Points to whoever can tell me what's wrong with this install.






(200 amp 277/480 sub panel with main breaker, neutral sensing CT for ground fault protection for equipment.)


----------



## Pete m. (Nov 19, 2011)

No incoming neutral?

Pete


----------



## robmac85 (Nov 20, 2013)

Pete m. said:


> Neutral is connected to A phase buss? Pete


Nope. But it does looks that way in the pic. That whole assembly on top is the neutral buss.


----------



## Bad Electrician (May 20, 2014)

Neutral is not connected to the load side of the Neutral CT.

The GFPE is seeing any neutral current as fault current assuming that is the feeder neutral I see connected to the neutral bus top left.


----------



## Bad Electrician (May 20, 2014)

I should add where is the line side feeder neutral?


----------



## NacBooster29 (Oct 25, 2010)

Ct is wrapping a lug with no conductors.


----------



## JohnJ65 (May 8, 2008)

Line side feeder neutral is on left side with grey tape marking it. I agree it needs to be landed on the middle buss above the CT.


----------



## markbrady (Jun 2, 2014)

oops someone already said that


----------



## Bad Electrician (May 20, 2014)

Big Dummy just realized that is a Main as well, but my answer is the same.


----------



## wildleg (Apr 12, 2009)

Bad Electrician said:


> Big Dummy just realized that is a Main as well, but my answer is the same.


I couldn't tell whether there's insulators or not on the neutral bus.


----------



## robmac85 (Nov 20, 2013)

Ding ding ding!!! You guys are good!

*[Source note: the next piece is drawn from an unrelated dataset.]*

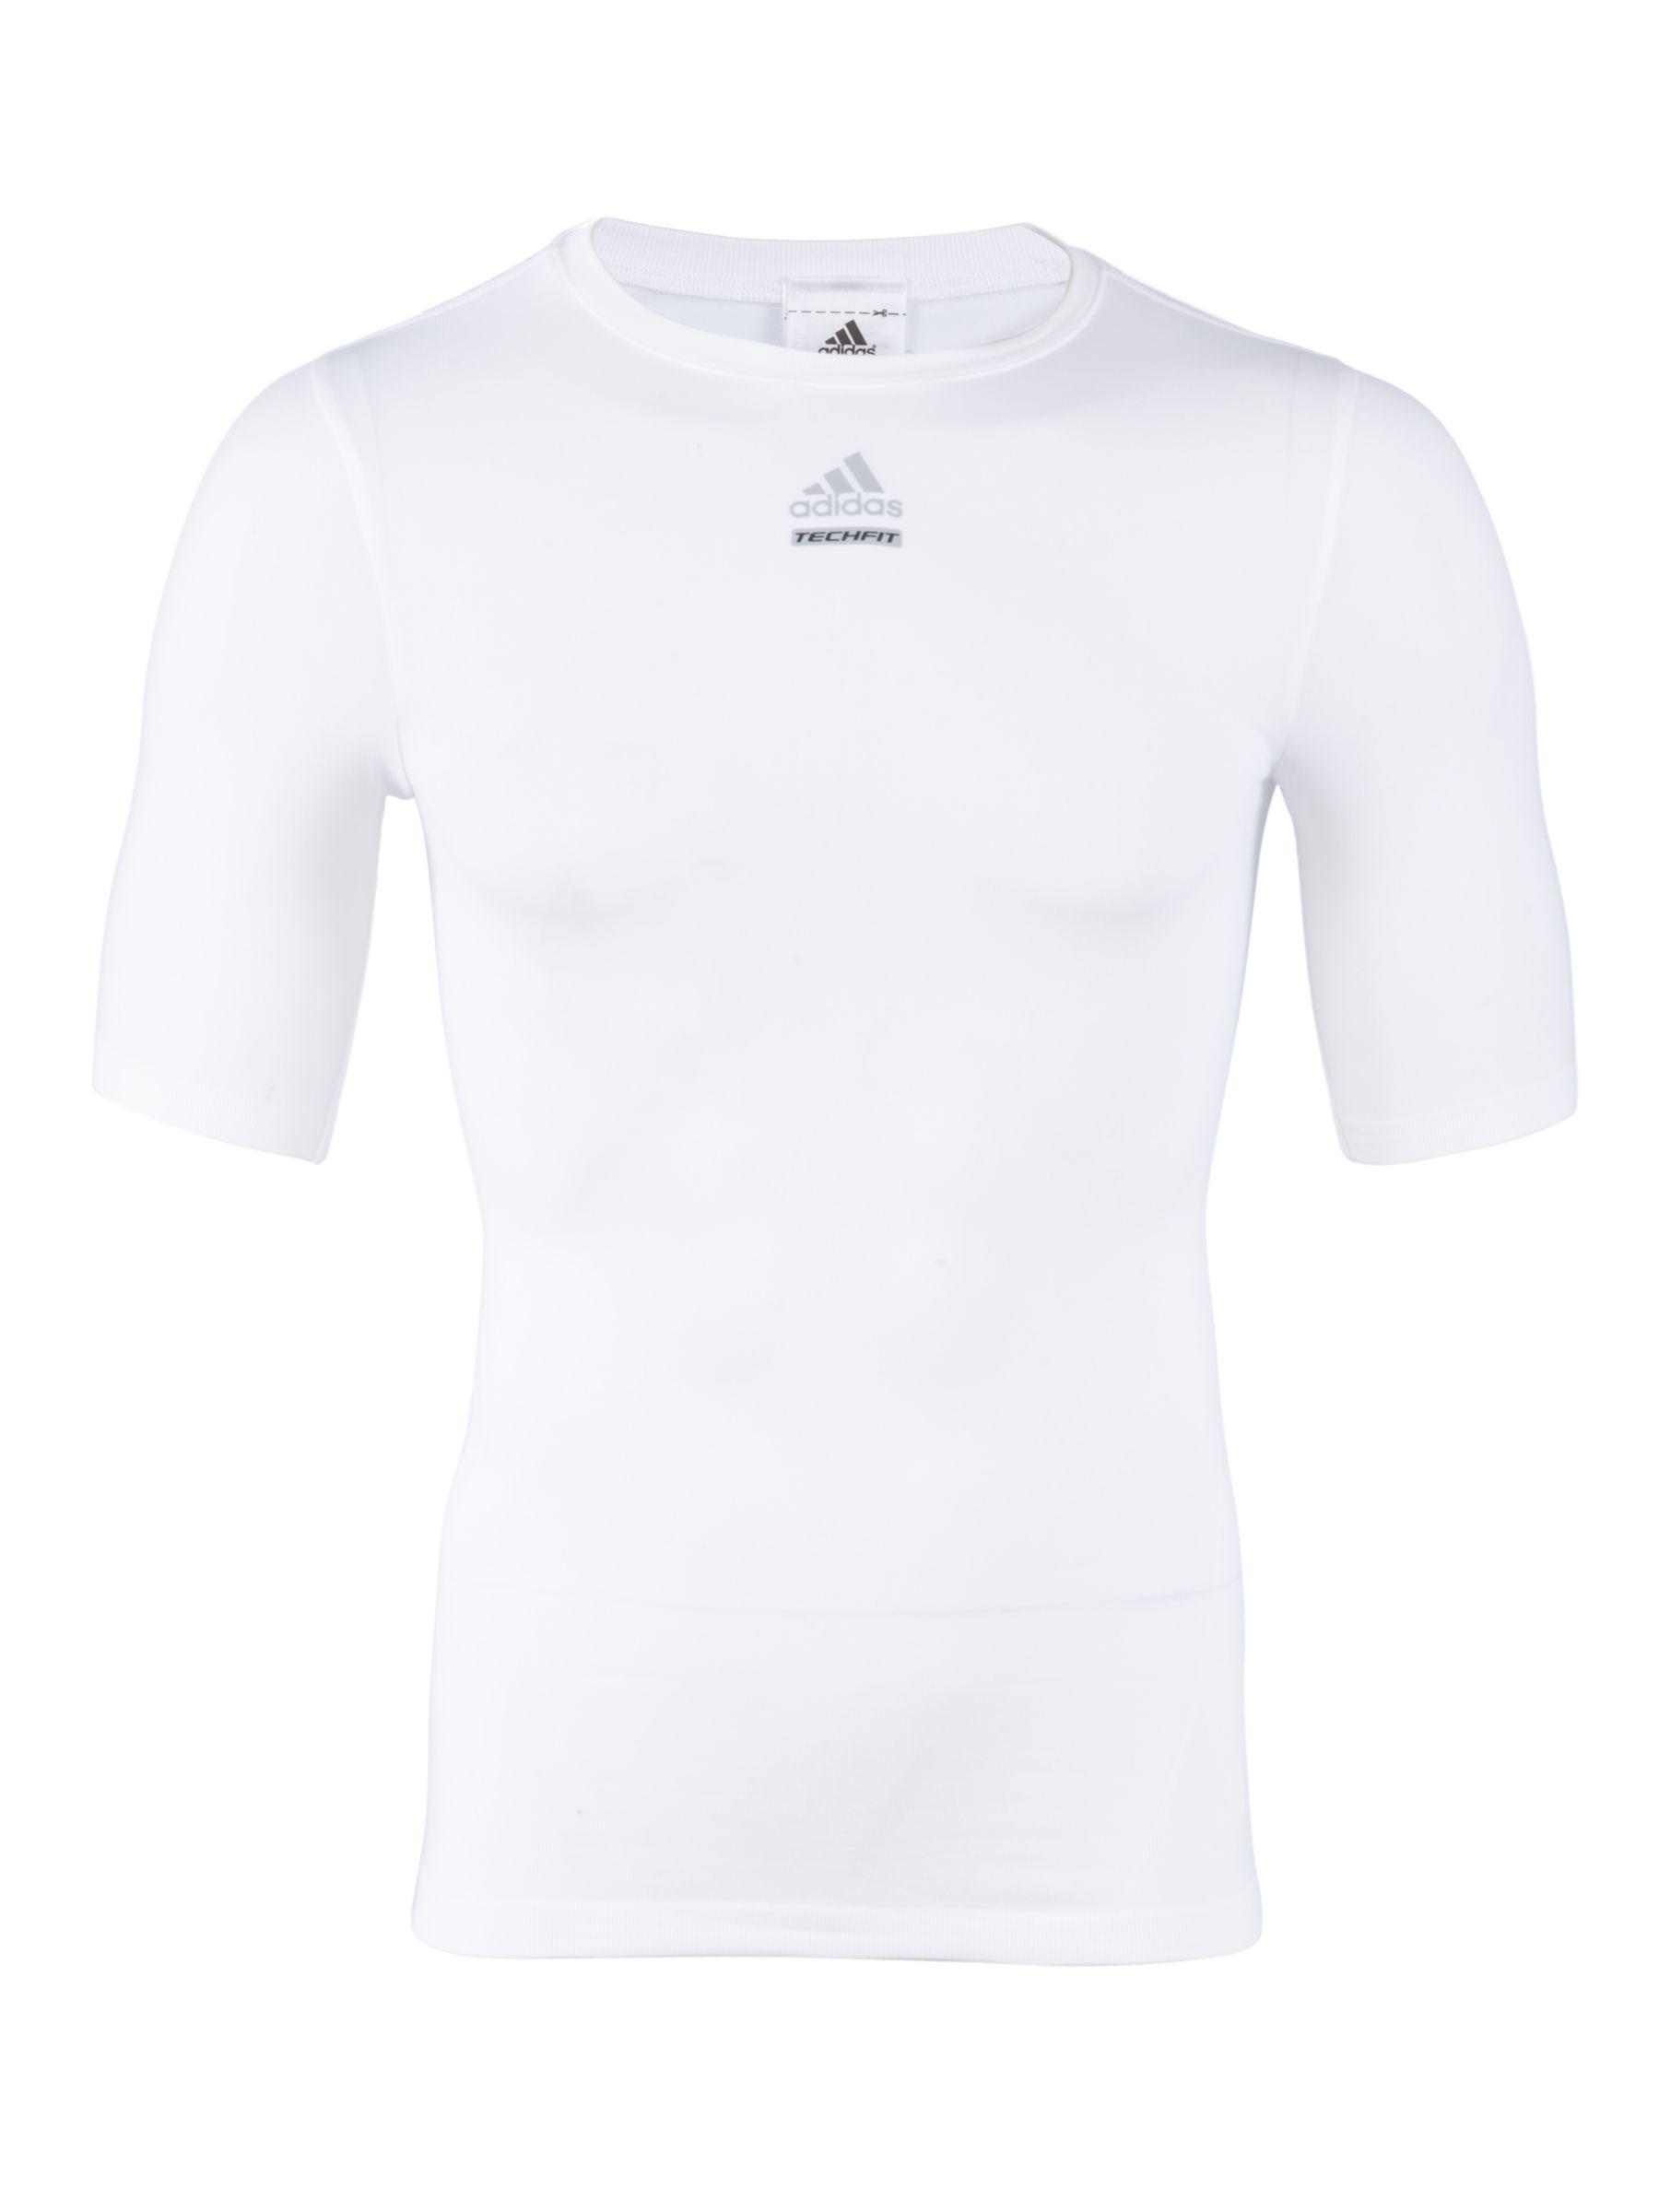 Techfit Short Sleeve T-Shirt, White
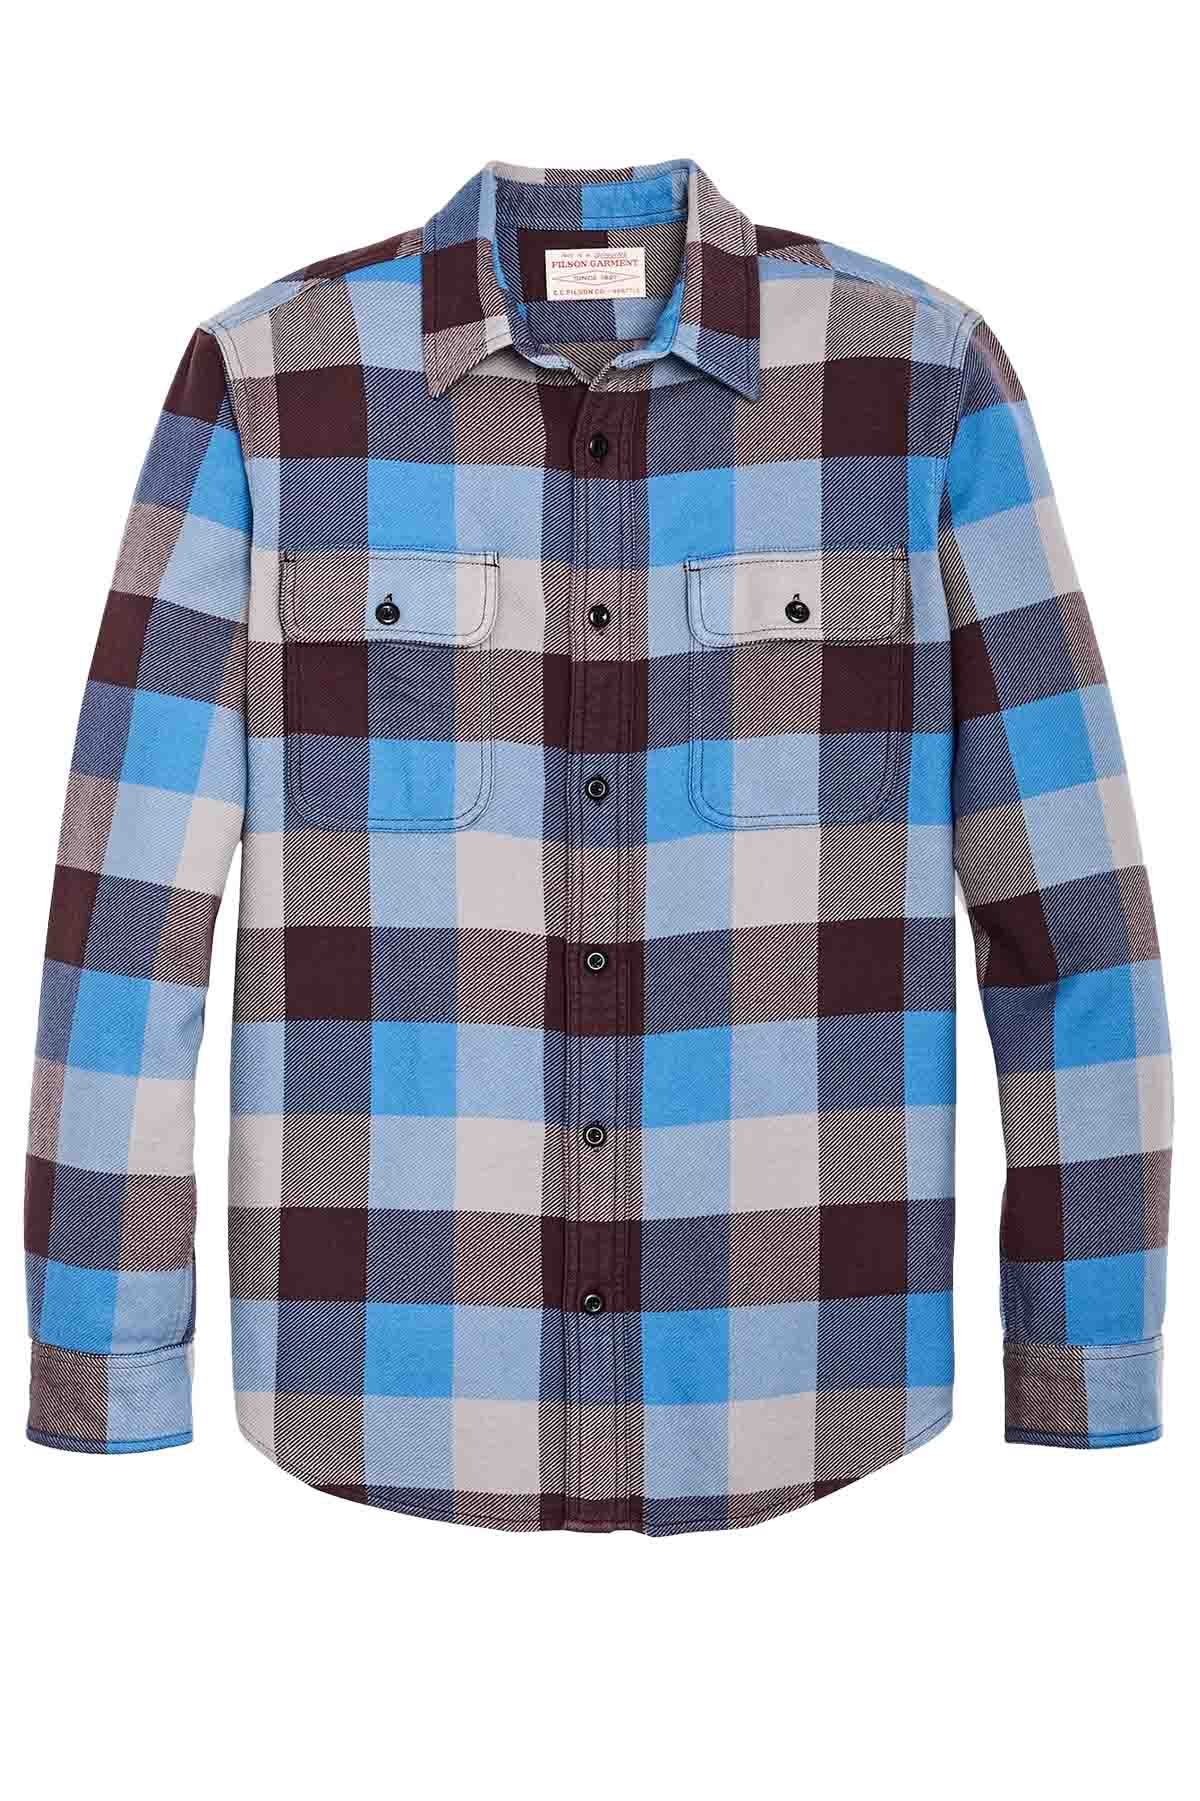 Filson - Vintage Flannel Workshirt - Blue/Maroon/Gray Check - Front

I took off the panel cover to land some new breakers and I was like hmmmm look at the double barrel lug just hanging out there... Ohh wait a second! Lol


----------



## ponyboy (Nov 18, 2012)

So glad we use quality gear


Sent from my iPhone using Tapatalk


----------



## NacBooster29 (Oct 25, 2010)

robmac85 said:


> Nope. But it does looks that way in the pic. That whole assembly on top is the neutral buss.


I should have read this. It looks like those are the phase bussing. With the Ct on the middle phase. 

That would not sense any current was my first thought..
Oops


----------



## Bad Electrician (May 20, 2014)

The big issue is what is the maximum neutral current and what is the GFPE setting. This needs to be corrected or they face possible so called "nuisance tripping" when in reality it is tripping due to a lack of understanding by the installing electrician.


----------